I recently found code in my project that calls memcpy with the address of array name

int a[10];
memcpy(&a, &b ,sizeof(a));

Surprisingly (to me) it seems to work.

Should I change it to memcpy(a,b,sizeof(a)); ?

Is it allowed by the C++ spec? Can anyone point me to resource about this behavior? Are there any pitfalls?

I also checked

assert((void*)&a == (void*)a);

and &a indeed is the same as a (besides it's type).

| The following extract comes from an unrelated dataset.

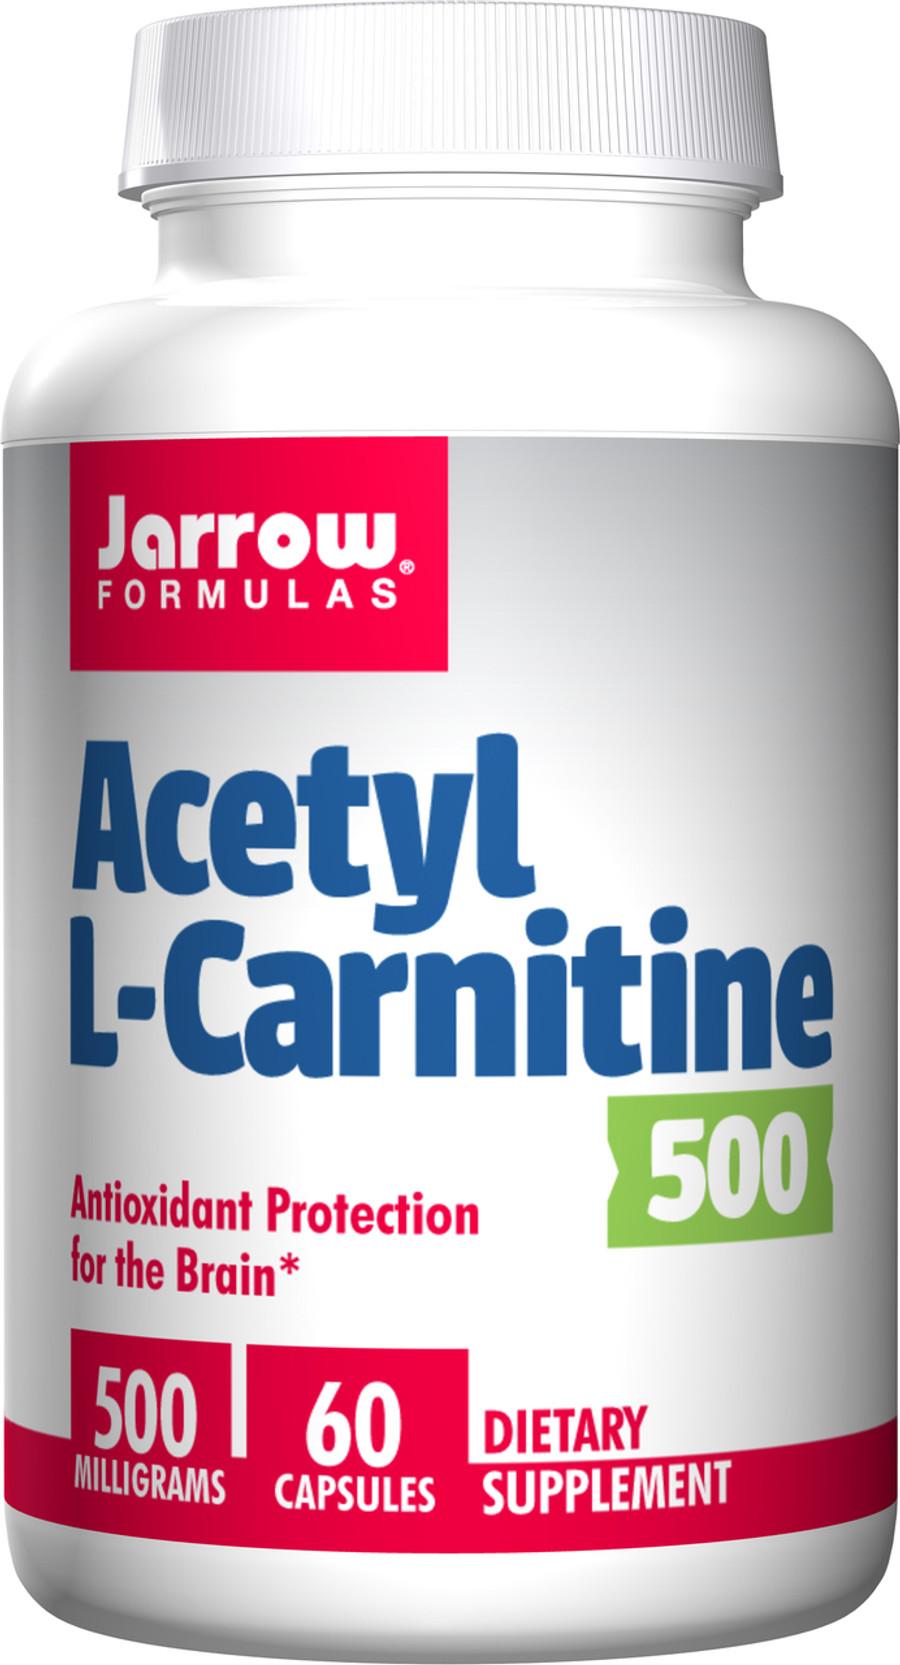 Acetyl L-Carnitine 500, 60 vcaps
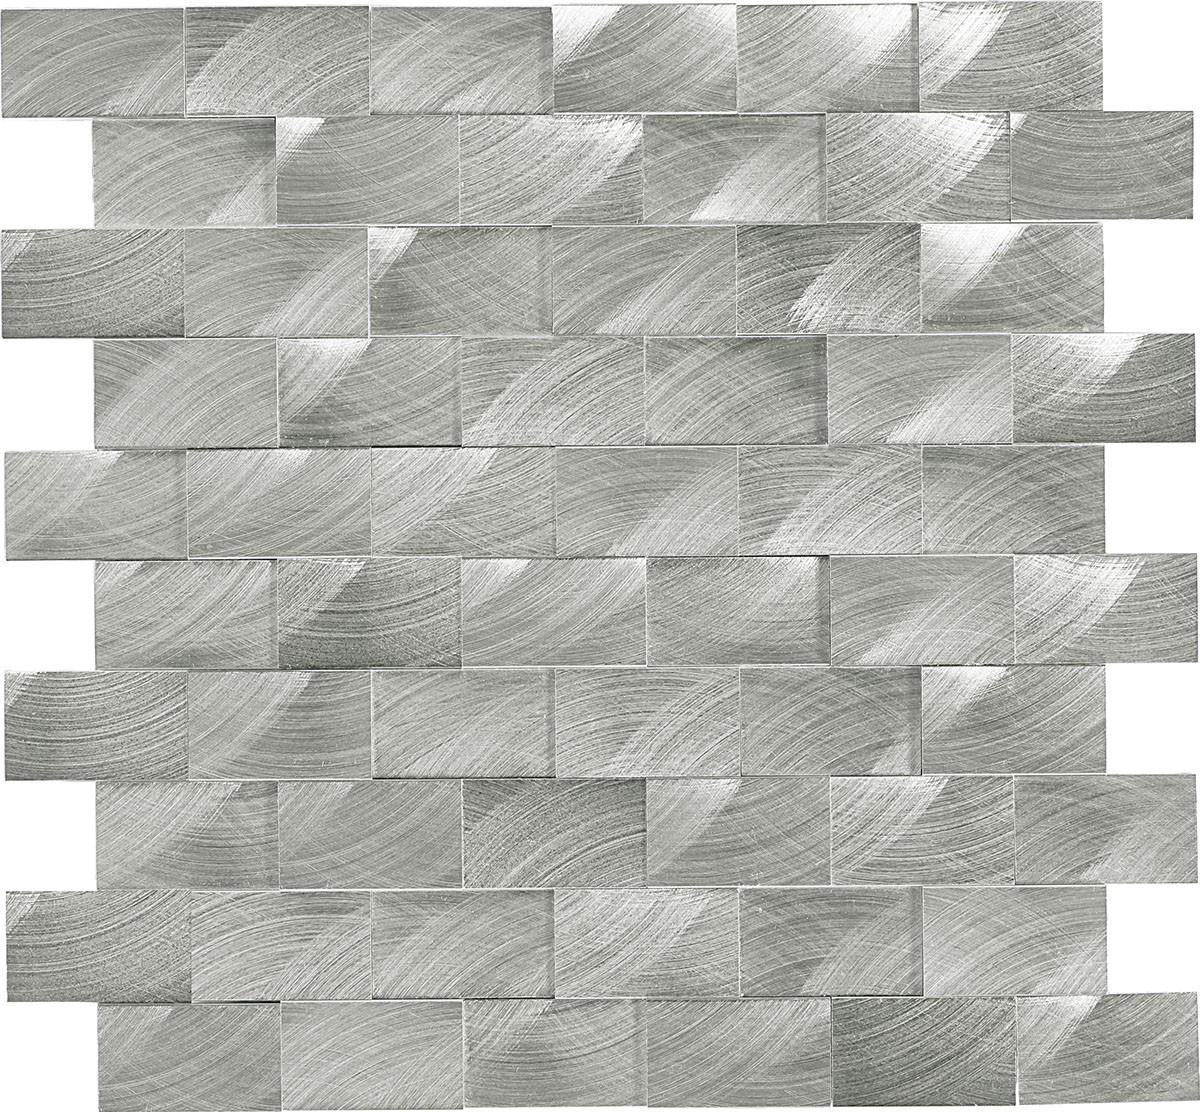 ST70 Steel Mosaic 3d brick joint

I verified this behavior in VS2005, VS2008 and VS2010.

Answer 1

&a is the address of the array; a can be implicitly converted to the address of the first element. Both have the same address, and so both will give the same value when converted to void*.

Are there any pitfalls?

memcpy is not typesafe, so it's quite easy to write code that compiles but behaves badly; for example, if a were a pointer rather than an array, then sizeof a would compile but give the wrong value. C++'s typesafe templates can protect against that:

std::copy(b, std::end(b), a); // will only compile if `b` has a known end.

Answer 2

The name of an array evaluates to the address of the beginning of the array, so the two have identical meaning. See How come an array's address is equal to its value in C? (it's a C question but the same holds for C++).

Answer 3

Like you say, it doesn't matter.

When passed as a parameter, the name of the array will "decay" into a pointer to its first element.

Answer 4

Yes, the address of an array is the same as the address of its first element.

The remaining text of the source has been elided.